Saturday, July 31, 2004

What is that? Let's Hear It for the Boy? Didn't they burn all existing copies of this song? If you're not familiar, it goes:

Maybe he's no romeo
But he's my lovin, one man show
Woah, Oh Oh Oh


My brain had purged this awful thing years ago... it was never a good song, it hasn't aged well, and doesn't even matter on those awful fucking 80's nostalgia stations. But here it is... piped in on the office overhead PA system. A compelling mix of 60's and 80's pop: how long has it been since you heard Miami Sound Machine? Eh?


One two three four
Come on baby say you love me
five six seven times
eight nine ten eleven
I'm just gonna keep on counting
Until you are mine


I hear it once day, at least. The occasional James Brown song doesn't make up for the two (count em, two) Fine Young Cannibals songs in constant rotation. Every day. And "Girls Just Wanna Have Fun."

Just when you're about to slap your forehead and say "They don't pay me enough for this," they move a better sound system into your office. And there you are, listening to Frankie Valli shriek away in his godawful falsetto... I didn't know he recorded a version of I Saw Mommy Kissing Santa Claus, but there it is-- and, since there aren't as many christmas songs on the playlist, you hear it, along with Paul McCartney's "Wonderful Christmas Time" (when I heard George Harrison died, I thought "Why couldn't it have been Paul?" Obla-Da, my ass) twice a day.

So, I'm frustrated.

Okay, the music on the PA wasn't the only reason... not even the biggest one, but they did catch me on a ladder, with a screwdriver, going at one of those speakers.

"Um, loner, what are you doing?"

"Well, I figured that, since you can only hear the music if you're directly under the speaker, if I just pop the negative lead off the speaker, no one will be able to tell the difference but me." I'd only gotten one screw out.

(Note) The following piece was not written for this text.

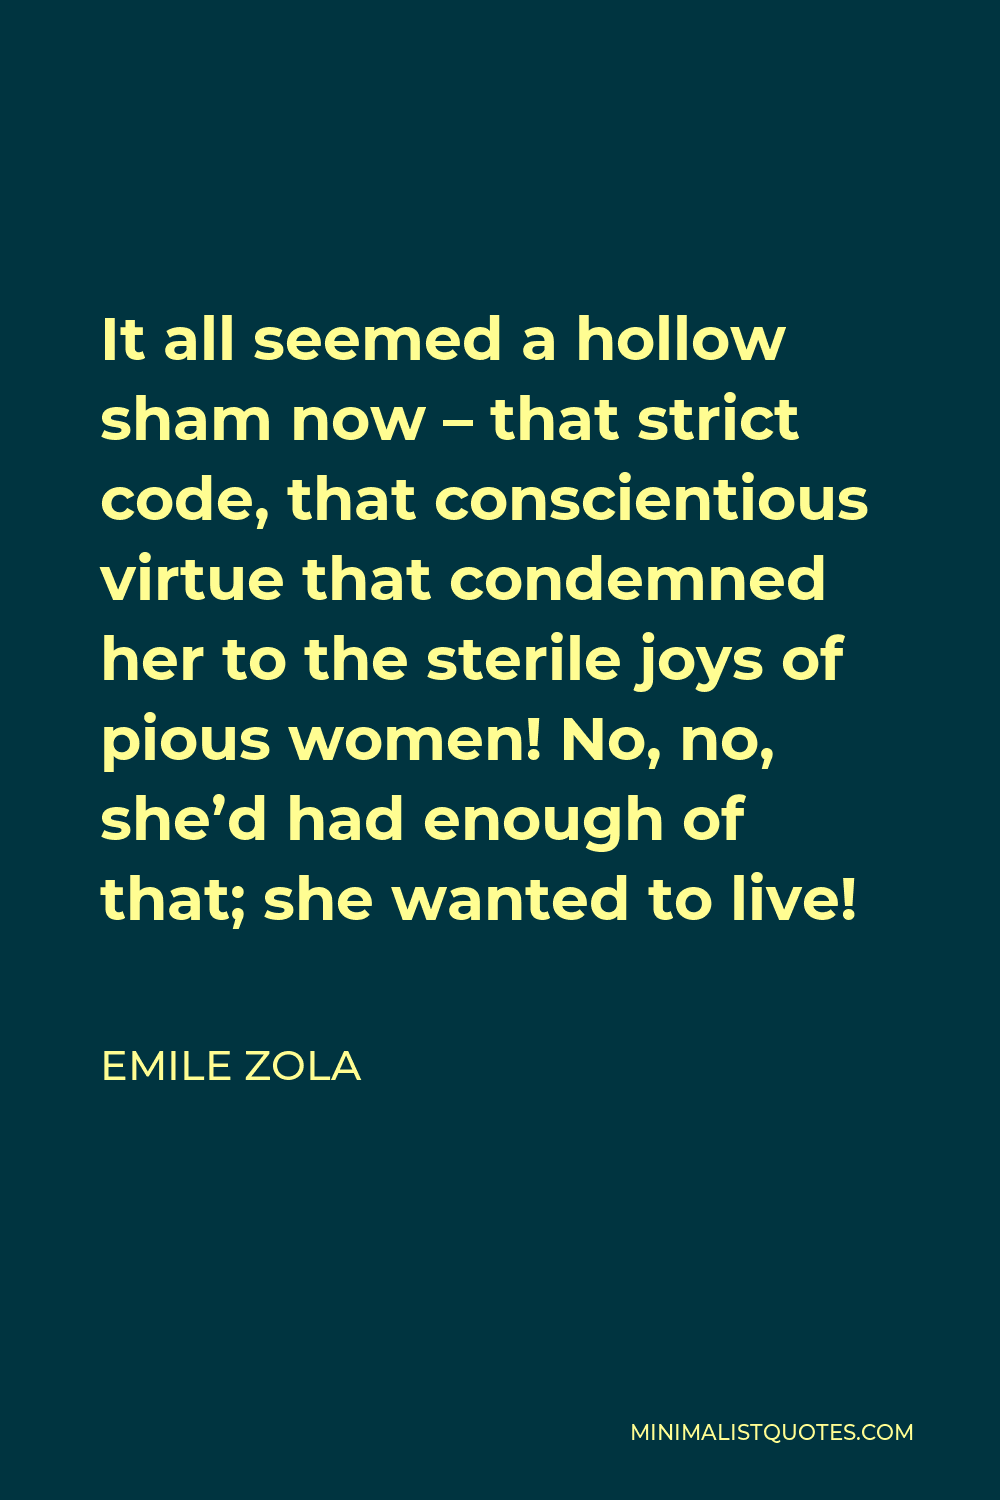 Emile Zola Quote - It all seemed a hollow sham now – that strict code, that conscientious virtue that condemned her to the sterile joys of pious women! No, no, she’d had enough of that; she wanted to live!

To combat my logic, they turned the music up. Now everyone can hear it. This didn't make me any more popular in the office, but... I've never been terribly popular around here. I'm not big on popularity (I think "popularity" is what happens when you finally make yourself bland enough for mass consumption, while still being fake enough to be "cool"), but I just don't inspire love the in three-hundred pound, sitcom obsessed hens that make up the majority of my co-workers.


I found myself the other day sensually wanting my secrety! OK listen up it's a guy, he is openly gay and I love him dearly. But dang if he wears that black suit with the open white shirt one more time I might just have to clear off my desk and try and shang hi his lovely buttox onto it. I really need to find something better to do...oh for pete's sake now here comes Barry Manilow blasting Looks Like We Made It. Yea right! He's definately a liar.


I've got to get that speaker turned off I've sat here now devilishly staring at it thinking nasty thoughts. Even if I play my own music through my computer speakers the top company speaker still drowns everything out. Poor Michael, mixed with I'm to sexy for my shirt playing above, what a wacky consolation.


Anyway the building next door is on fire, we have to get out ourselves for safety reasons. Dam maybe I'll get lucky and the whole electrical sound system of this building will go....hmmm wishful thinking. Anyway I'm off to scamper outside in the rain. blah!